Modalités du consentement :
- Au Maroc, l’expression de la volonté d’autoriser ou d’interdire des prélèvements sur une personne après son décès est
une faculté permise à toute personne majeure jouissant de ses pleines capacités (article 13 de la loi marocaine n° 16-98).
- En l’absence d’une position exprimée par l’individu de son vivant vis-à-vis du don, c’est le principe du consentement
présumé qui a été retenu par la lettre de la loi n° 16-98 comme une base légale au prélèvement sur les défunts n’ayant pas
exprimé leur refus de leurs vivants.
- Ce principe est annoncé à l’article 16 de la loi n° 16-98 qui stipule : « Dans les hôpitaux publics agréés et dont la liste est
fixée par le ministre de la santé, les prélèvements d’organes peuvent être effectués à des fins thérapeutiques ou
scientifiques sur des personnes décédées n’ayant pas fait connaître de leur vivant leur refus de tels prélèvements, sauf
dans le cas d’opposition du conjoint et à défaut, les ascendants et à défaut les descendants ».
- Toute personne n’ayant pas exprimé son refus sera susceptible d’être prélevée.

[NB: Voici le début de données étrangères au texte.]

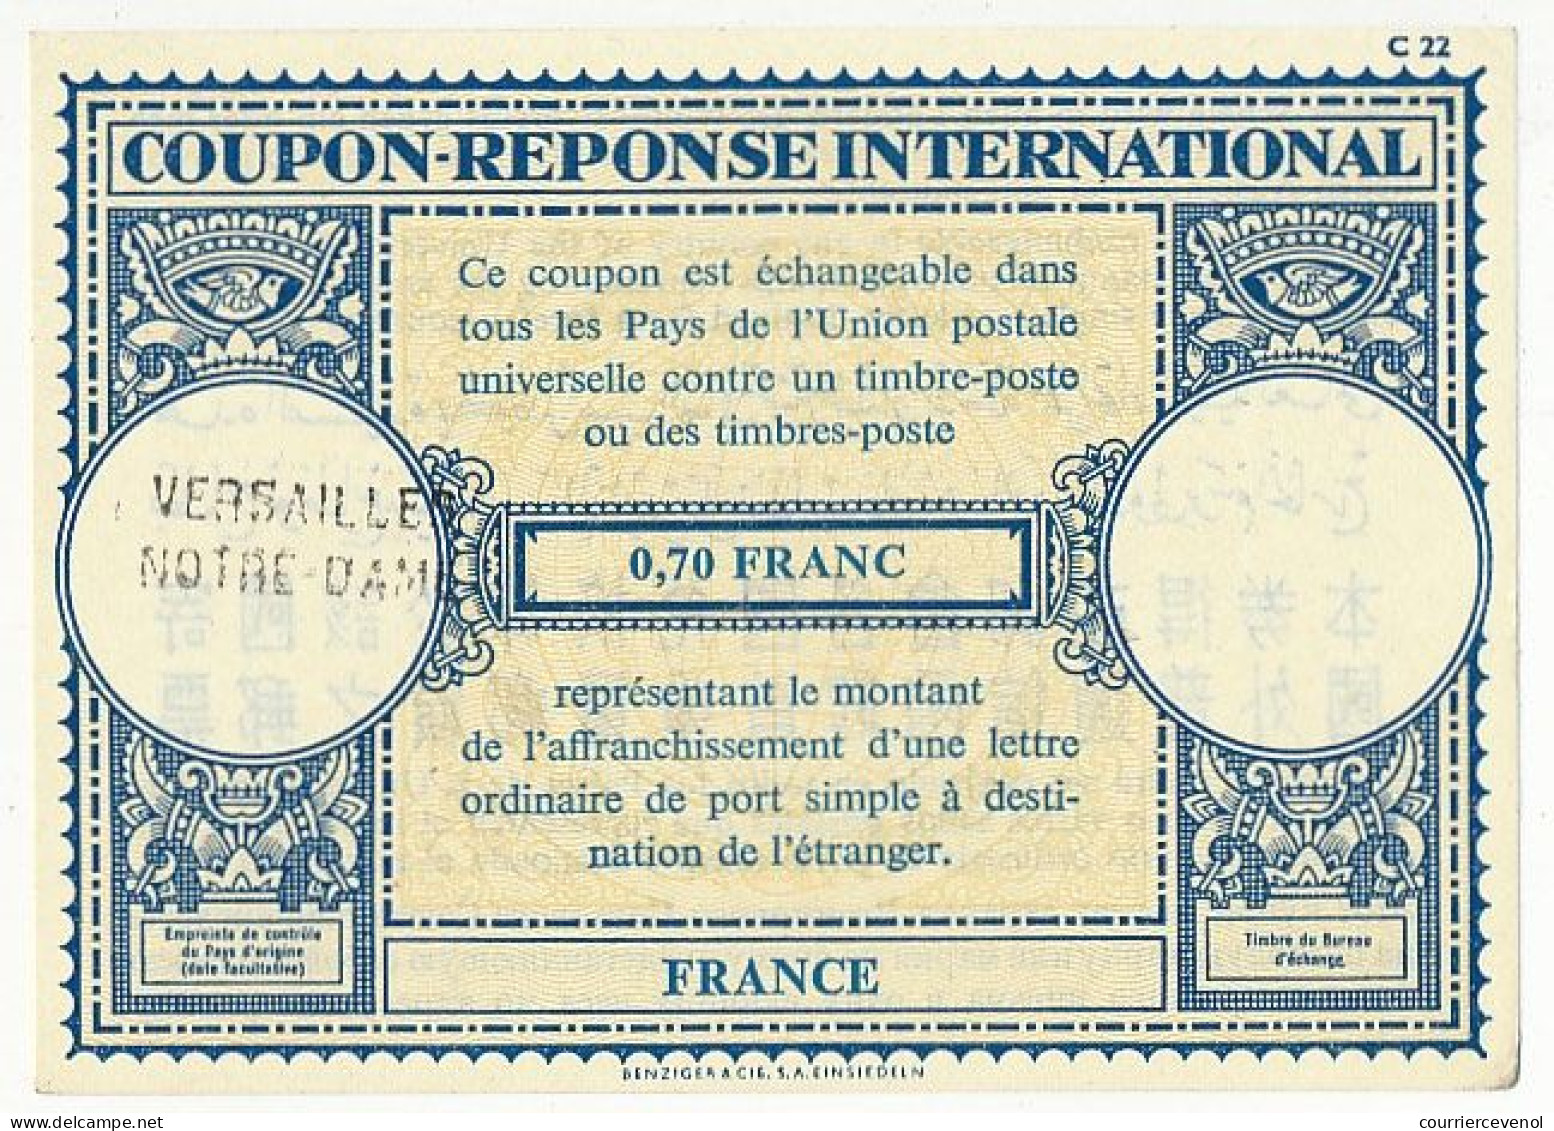 Coupon-Réponse International 0,70 Franc - Cachet Linéaire Versailles Notre Dame - Reply Coupons

- Les articles 14 et 15 de la loi marocaine n°16-98 abordent les modalités d’enregistrement du consentement et du refus
des prélèvements au niveau du tribunal compétent. La déclaration du consentement ou du refus du donneur potentiel est
transmise à tous les hôpitaux compétents pour effectuer des prélèvements sur des personnes décédées.
- Par ailleurs, il est instauré dans les hôpitaux susvisés un registre spécial destiné à recevoir les déclarations notamment
de refus aux prélèvements de toute personne admise dans ces hôpitaux (article 17 et 18 de la loi n°16-98).
- Le consentement en faveur du don d’organes ne peut être présumé que si le défunt n’a laissé aucune indication ou
n’existe aucun témoignage de la part des personnes qui l’ont côtoyé, laissant penser qu’il s’opposerait à un prélèvement
sur son cadavre.
- La famille a le pouvoir de décision en l’absence d’une volonté exprimée par le défunt de son vivant. Bien entendu, la
volonté de ce dernier prime celle des proches.
- Le législateur a par ailleurs, établi une hiérarchisation de ce pouvoir décisionnel au sein de la famille dans le souci
d’éviter les conflits intrafamiliaux. L’article 16 de la loi n° 16-98 stipule en effet : « Dans les hôpitaux publics agréés et dont
la liste est fixée par le ministre de la santé, des prélèvements d’organes peuvent être effectués à des fins thérapeutiques et
scientifiques sur des personnes décédées n’ayant pas fait connaître de leur vivant leur refus de tels prélèvements, sauf
dans le cas d’opposition du conjoint et à défaut, des ascendants et à défaut, des descendants ».
- Le prélèvement sur un mineur ou un incapable majeur décédé :
On retrouve ici la notion du consentement substitutif alloué par le législateur marocain au représentant légal. Toutefois, ce
consentement ne joue que dans la mesure où le défunt n’a pas fait connaître de son vivant son refus à de tels
prélèvements (article 20 de la loi n° 16-98).
- Concernant la personne majeure qui n’est pas en mesure de manifester sa volonté en raison de son état mental,
l’opposition pourra être exprimée durant sa vie par le représentant légal.

D/ Les conditions techniques :


*Le constat de la mort cérébrale (encéphalique) :
- Le législateur marocain a admis à son tour le critère neurologique de la définition de la mort en stipulant dans l’article 21
de la loi n° 16-98 : « Le prélèvement ne peut être effectué qu’après avoir établi un constat de la mort cérébrale du donneur
et en l’absence de toute suspicion sur les origines du décès. Ce constat est effectué par deux médecins de
l’établissement hospitalier désignés à cette fin par le ministre de la santé après avis du président du conseil national de
l’ordre des médecins. En aucun cas, ces médecins ne peuvent être affectés à l’équipe médicale chargée du prélèvement
ou de la transplantation de l’organe prélevé sur la personne dont ils ont constaté le décès ».
- Le constat de mort cérébrale est établi ainsi à partir des signes cliniques et paracliniques concordants qui ont été fixés
par le ministre de la santé dans son arrêté n° 1641-03 du 10-11-2003 (voir cours de la mort).